処置用のテーブルを挟んで、担任の先生と保健の先生、その向かいにオレと楓。お母さんは、オレの横に用意されたパイプ椅子に腰を下ろした。


先生の口から、トイレでの出来事が改めて語られた。男子トイレに入ったこと。そこで立ち小便をしようとしたこと。男子たちに下着を脱がされかけたこと。楓が、その男子に一発食らわせたこと。立ち小便のくだりでは、お母さんが小さく息を呑むのが分かった。


キーンコーンカーンコーン。


四時間目の終わりを告げる鐘が鳴った。


「さくらさんと楓君は、教室に戻って給食を食べてね。──それとも、さくらさん、今日は早退する?」


「大丈夫です」


即答した。


「分かりました。じゃあ楓君、先生はまだお母さんとお話があるから、先生が戻らなくても先に給食を食べるように、みんなに伝えておいて」


ここからは大人同士の話、ということだろう。オレと楓は席を立った。ただ、一つだけ、どうしても言っておきたいことがあった。

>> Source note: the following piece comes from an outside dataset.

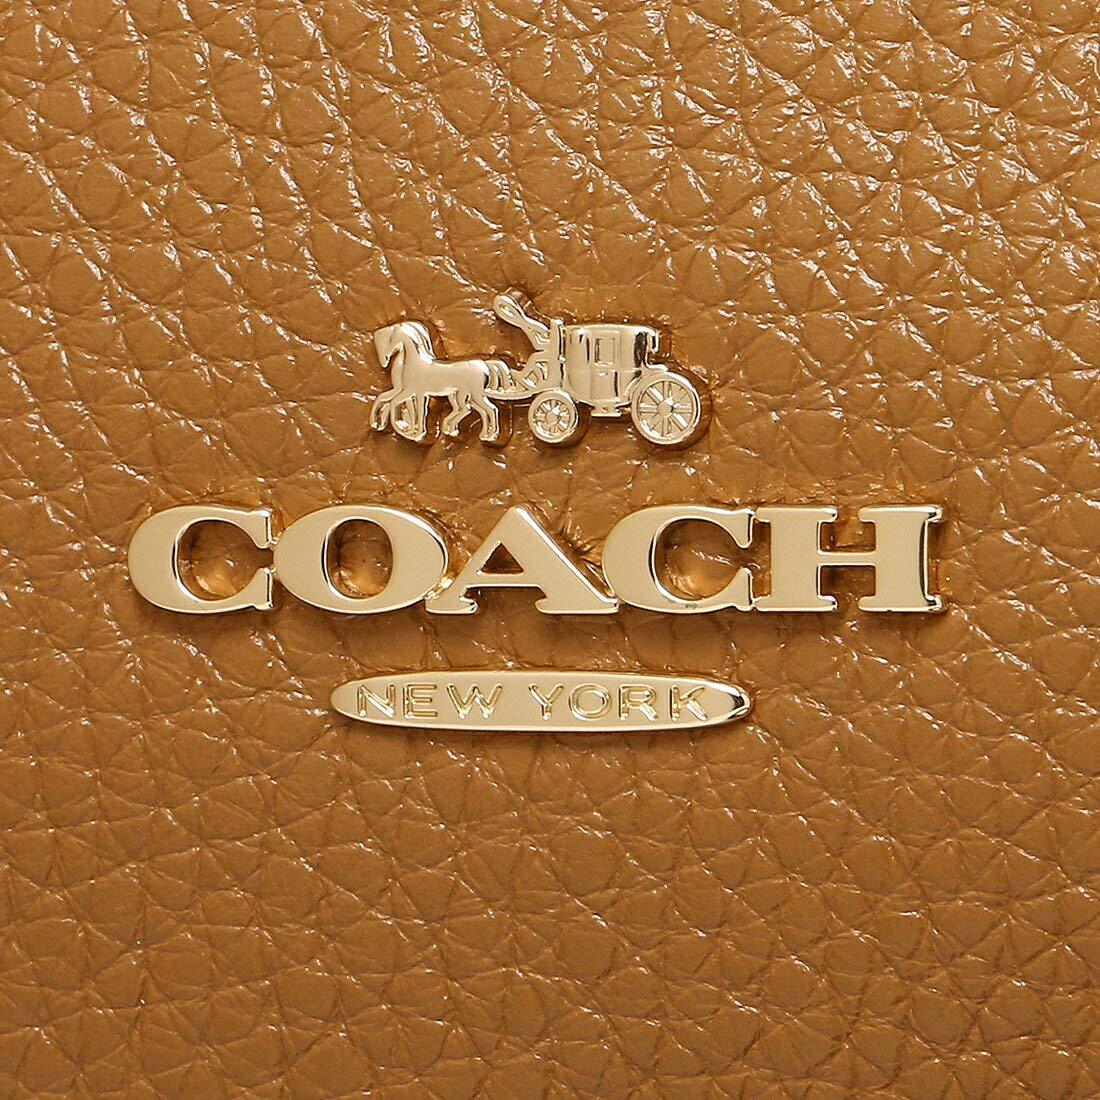 89063f402ea3 Amazon.co.jp: [コーチ]ショルダーバッグ アウトレット レディース COACH F34767 IMLQD ライトブラウン [並行輸入品]:  ジュエリー
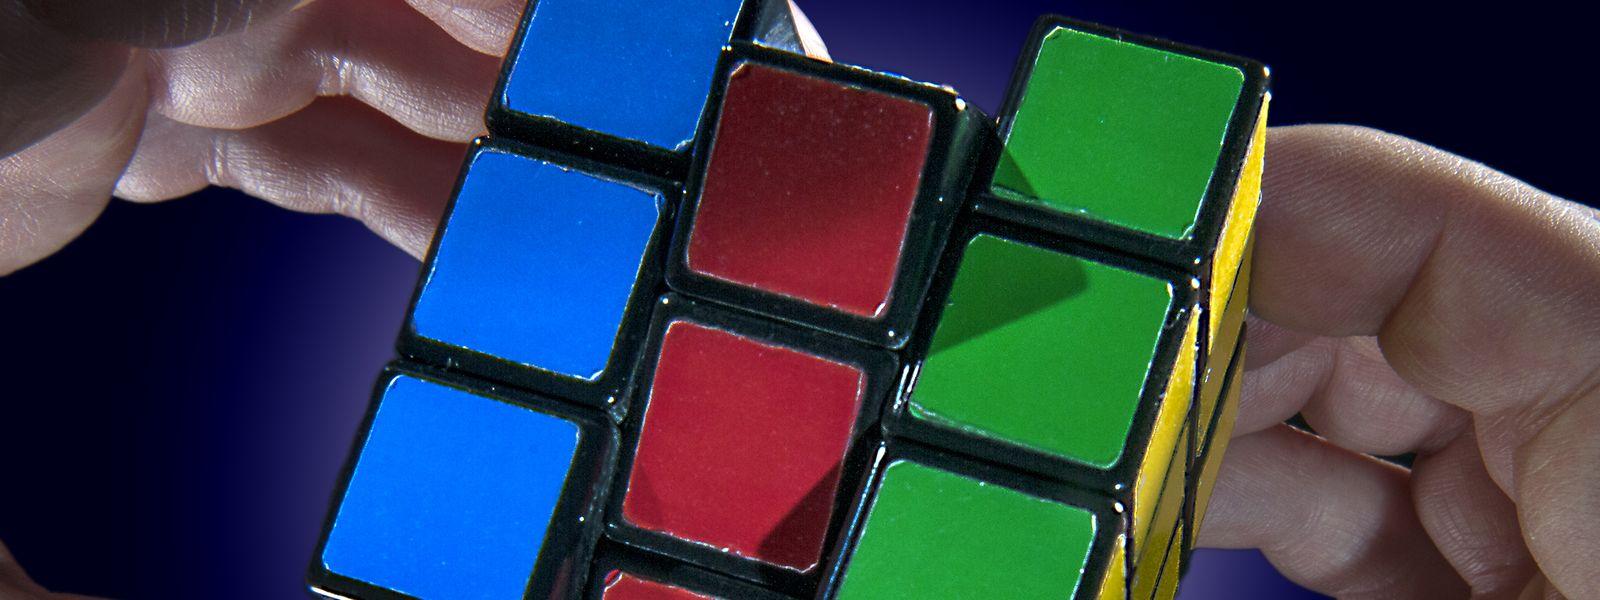 In der Klima- und Energiepolitik haben Blau, Rot und Grün noch nicht zueinander gefunden.

「あの……。鉄男君を、あまり叱らないであげてほしいんです」


先生たちが、驚いた顔でオレを見た。


「私も悪かったんです。小学五年生といったら、もう異性が気になる年頃です。これまで経験したことのない、どう扱っていいのか分からない、爆発しそうな気持ちに苦しんでいるのかもしれません。そんなところに、私がトイレを間違えて、スカートをたくし上げてしまった。鉄男君の中の、何かの引き金を引いてしまったのかもしれません」


オレは思い出していた。押さえつけられたあのとき、鉄男の目の奥にあったのは、怒りでも嗜虐でもなく──悲しみと苦痛の色だったことを。


「……さくらさん、分かりました。あとは大人の話だから、楓君と教室に戻ってなさい」


「はい」


保健室を出て、静かにドアを閉めた。廊下は給食の準備で、生徒たちが行ったり来たり、騒がしかった。


「さくらさんは、小学五年生にしては、ちょっと大人びて──」


閉めたドアの向こうから、お母さんと先生の声が、小さく漏れ聞こえた。


オレと楓は五年二組へ向かった。途中、一組の前を通ったが、鉄男たちはまだ校長室から戻っていないようだった。悪ふざけとはいえ、事が事だ。親も学校に呼び出されているだろう。


二組の教室の前に着いた。窓越しに、給食の準備をするクラスメイトの姿が見えた。純の姿もあった。先に教室へ帰されたらしい。助けてくれた側なのだから、当然といえば当然だ。


楓が引き戸を開けて中に入ると、クラス全員の視線が、一斉にオレと楓に突き刺さった。